== PROBLEM STATEMENT ==
Reproduce the whole listing exactly, omitting any picture it holds.
··· EXERCISE DATA
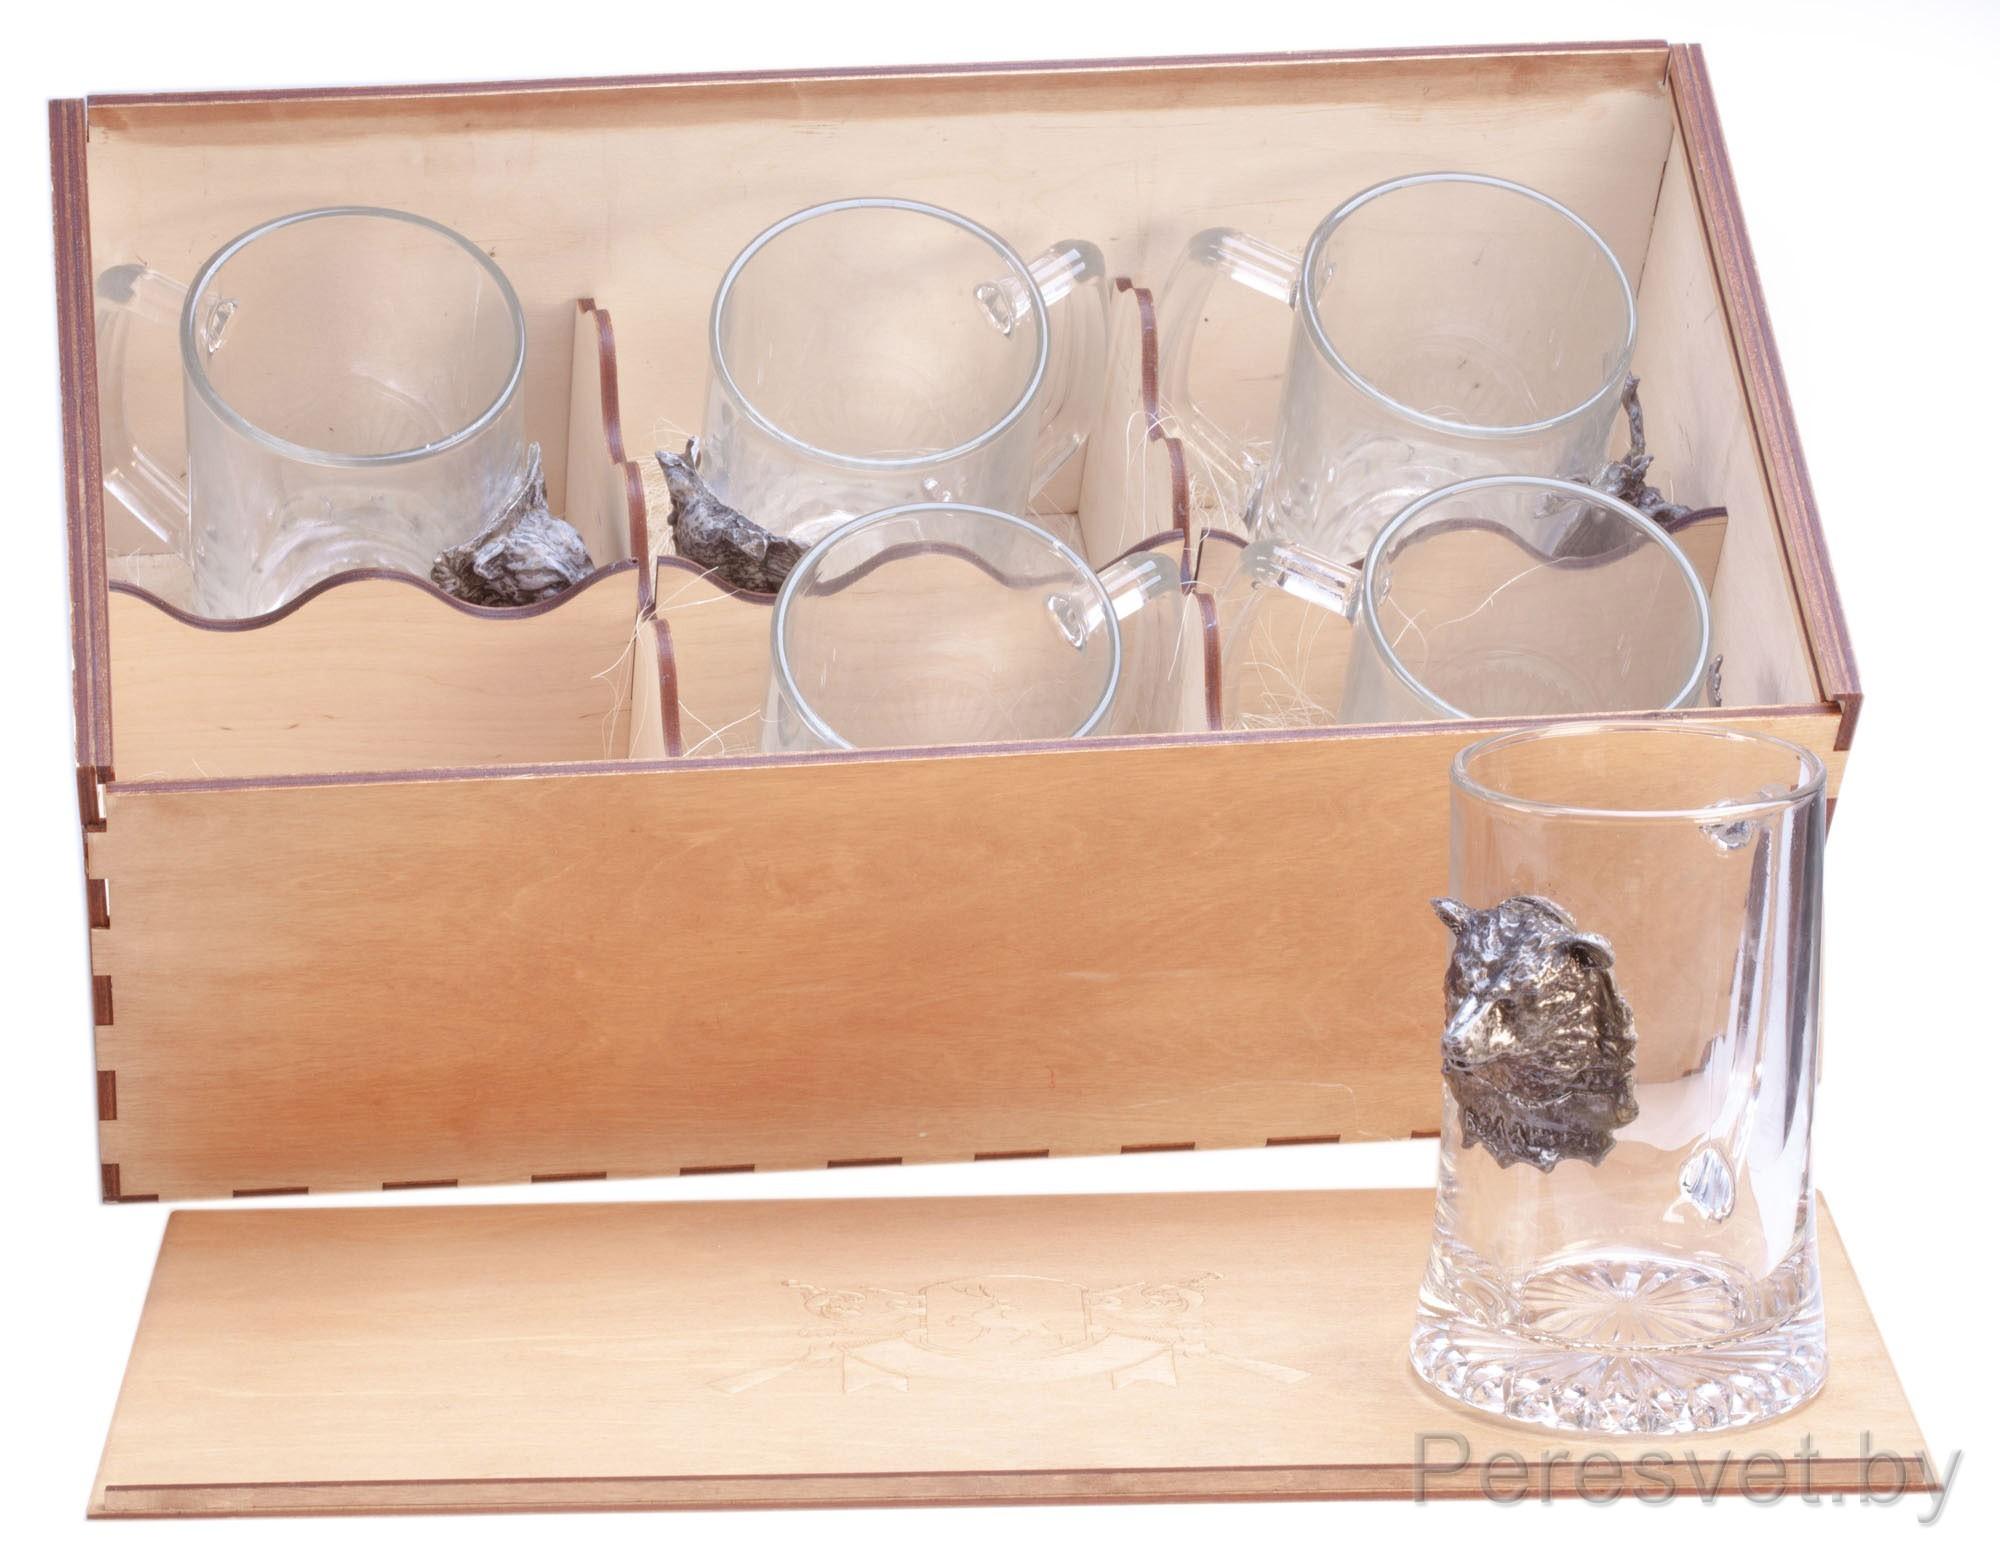 Набор бокалов для пива с художественным литьем из охотничьего набора Медведь 6 шт. на peresvet.by
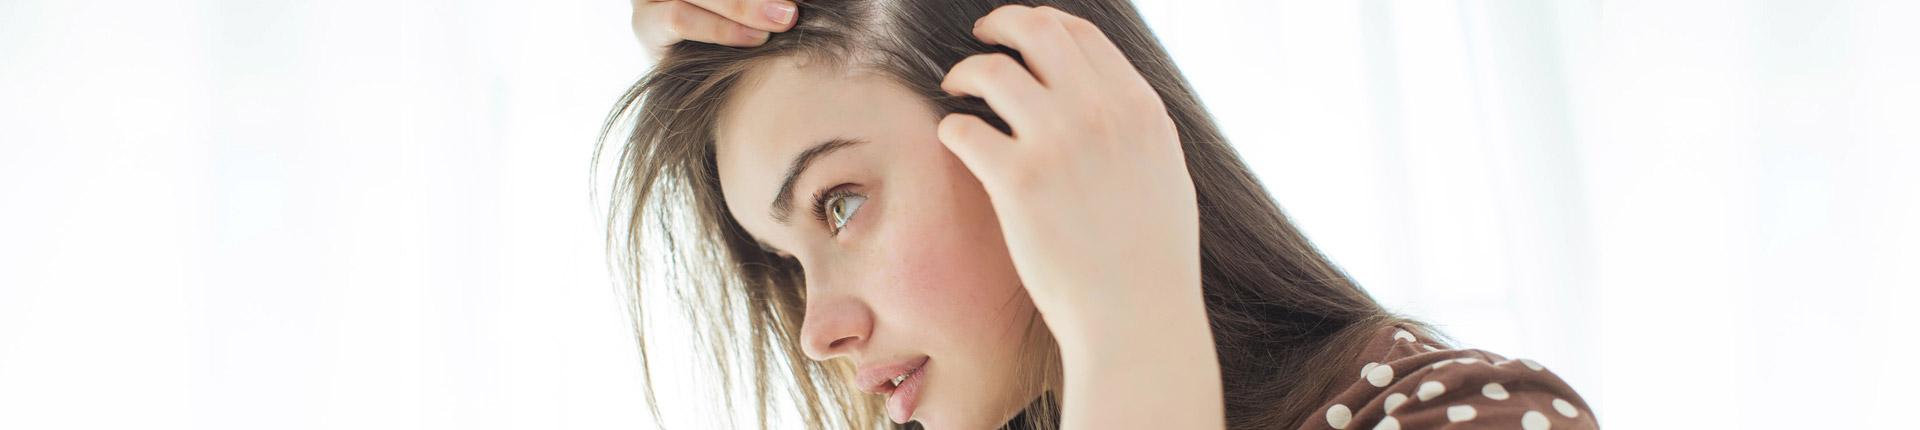 Wypadanie włosów - przyczyny, zapobieganie
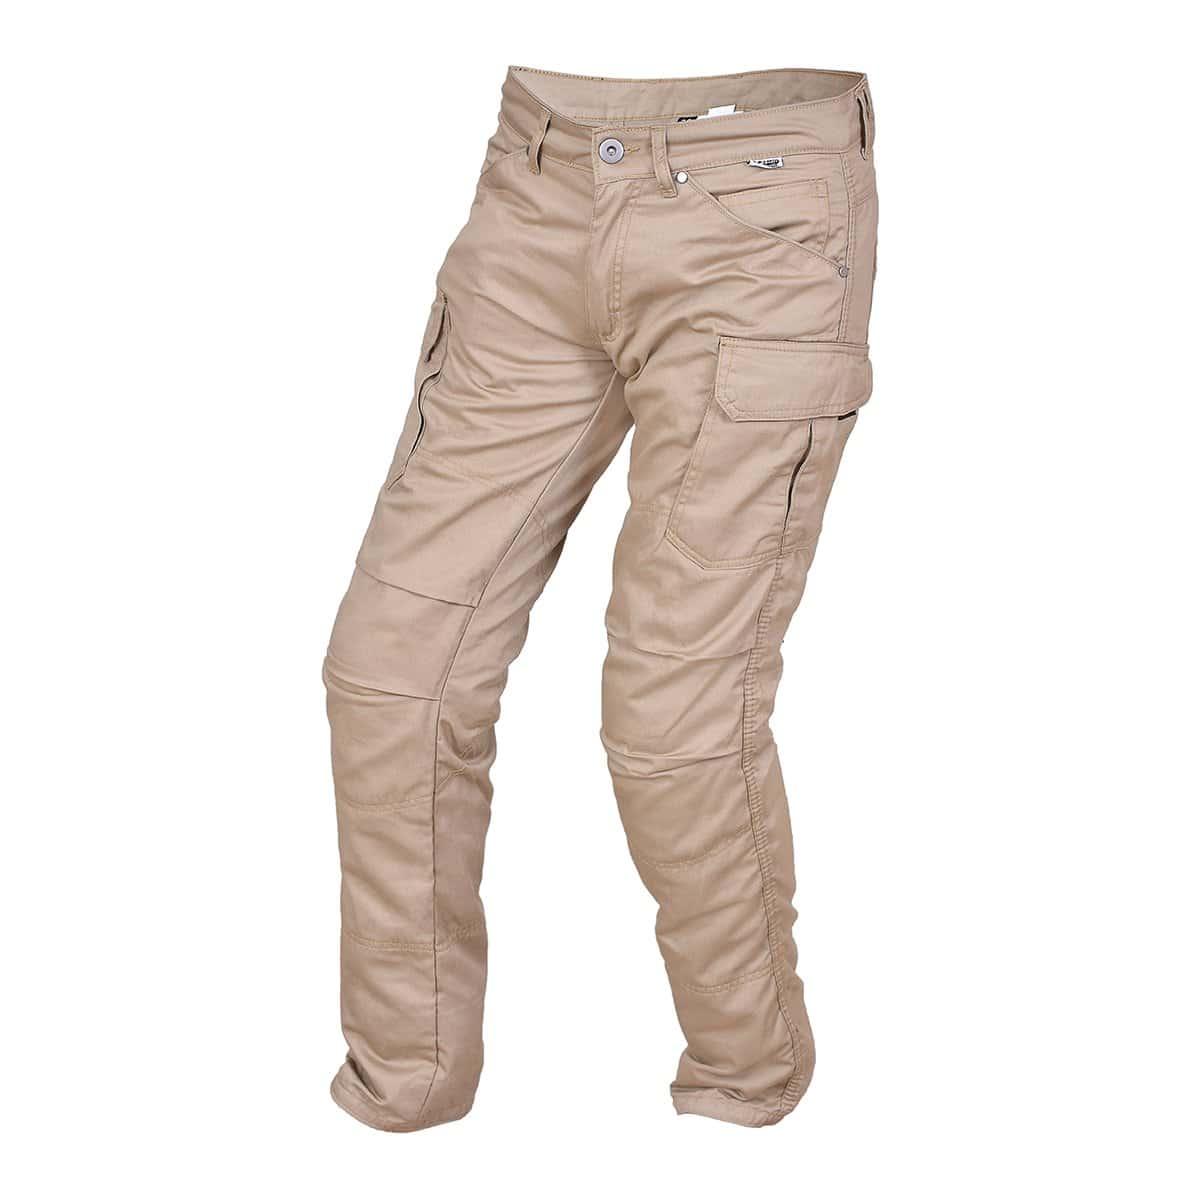 Pantalon moto : le confort avant tout
······
== THE ANSWER ==
 Набор бокалов для пива с художественным литьем из охотничьего набора Медведь 6 шт. на peresvet.by
 Wypadanie włosów - przyczyny, zapobieganie
 Pantalon moto : le confort avant tout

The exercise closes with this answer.